2. A promise cannot be fulfilled with a promise. If a listener returns a promise, it is inserted at the head of what remains of the promise chain, before the promise returned from listener registration. The promise from listener registration (previously the head of the residual promise chain) is then synchronized with the inserted promise, adopting its state and value when finally settled.
3. All promise objects and linkages for a chain of promises chain are created synchronously when the code defining the chain executes. The definition code then runs to completion (meaning it returns to the event loop without interruption by asynchronous callbacks because JavaScript is single threaded).

If and when listener functions are executed (because a promise becomes fulfilled or rejected) they are executed asynchronously, in their own call out from the event loop, after code which resulted in the listener being executed has itself run to completion.

This means all log entries made when registering promise listeners (by calling then on a promise) appear before any log entry made by a registered listener function when executed asynchronously at a later time. Promises do not involve time travel.

Will this stop your head hurting?
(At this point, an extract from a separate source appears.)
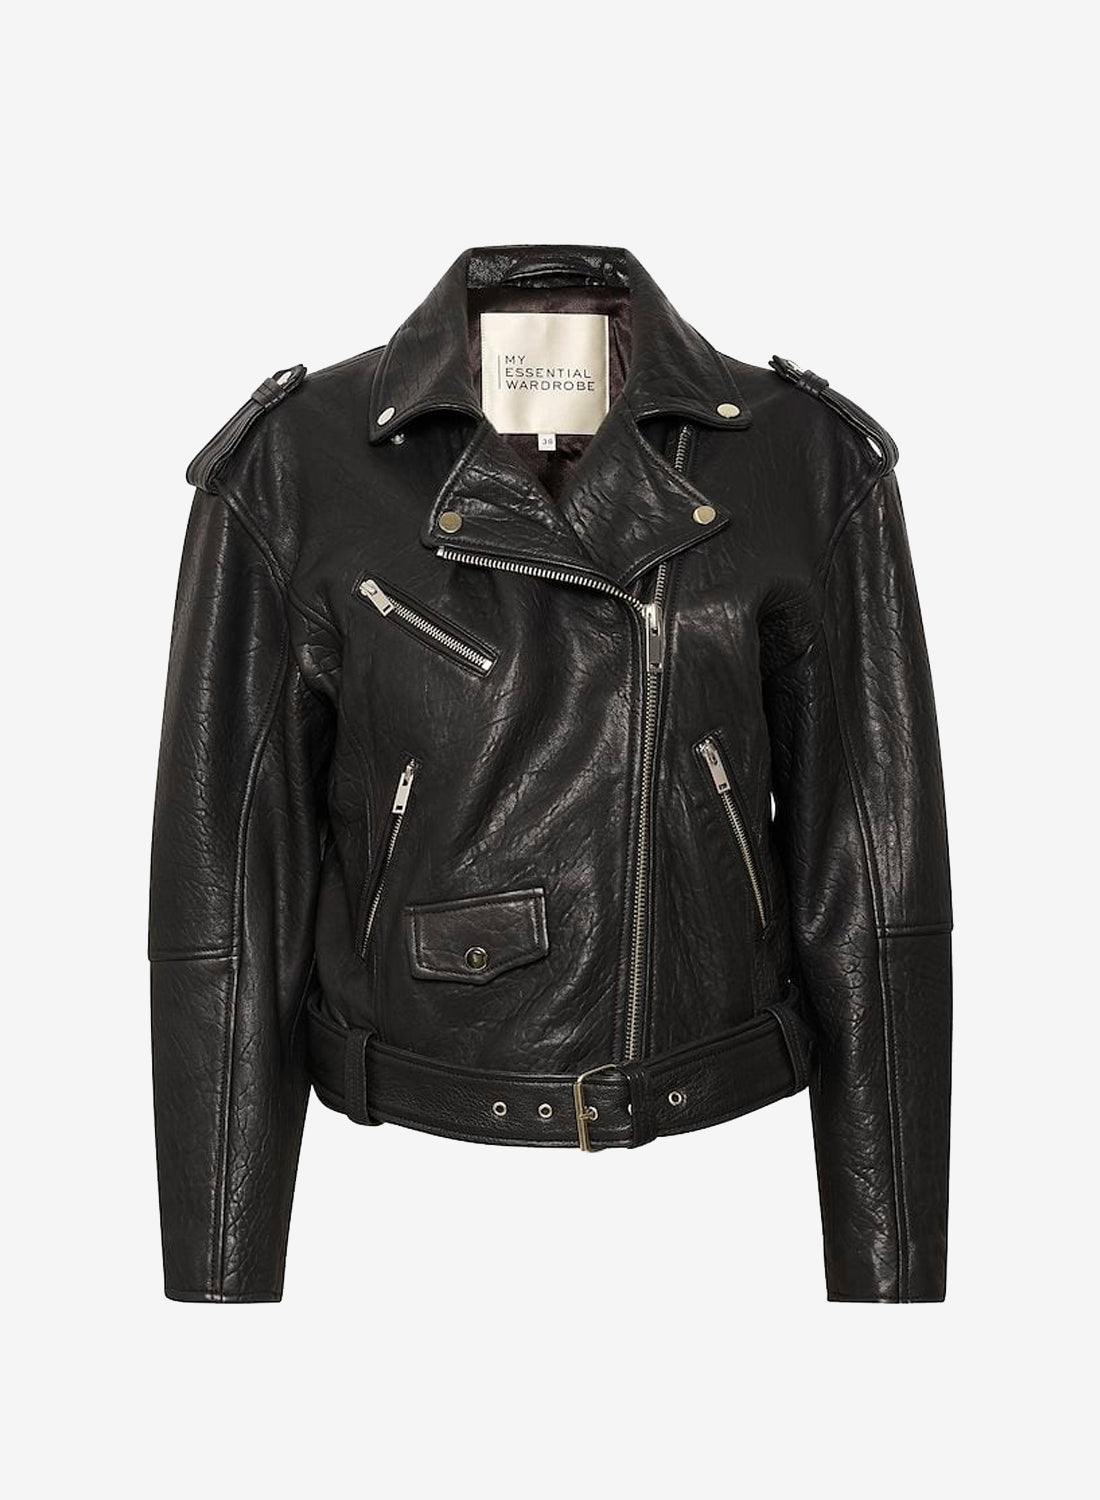 Se My Essential Wardrobe GiloMW Leather Jacket Black hos Number Nine

Perhaps not, but at least it's true.

`

As stated in the comment, you have to slightly modify performSideTasks to make it return the Promise:

var performSideTasks = function () 
{
  console.log( "Made it here 2" )
  return someAsyncTask().then( function ( num )
  {
    anotherTask(num);
    console.log("made it here 5")
    return num
  } )
} 

Then you can use the asynchronous result in the then() method of the main function.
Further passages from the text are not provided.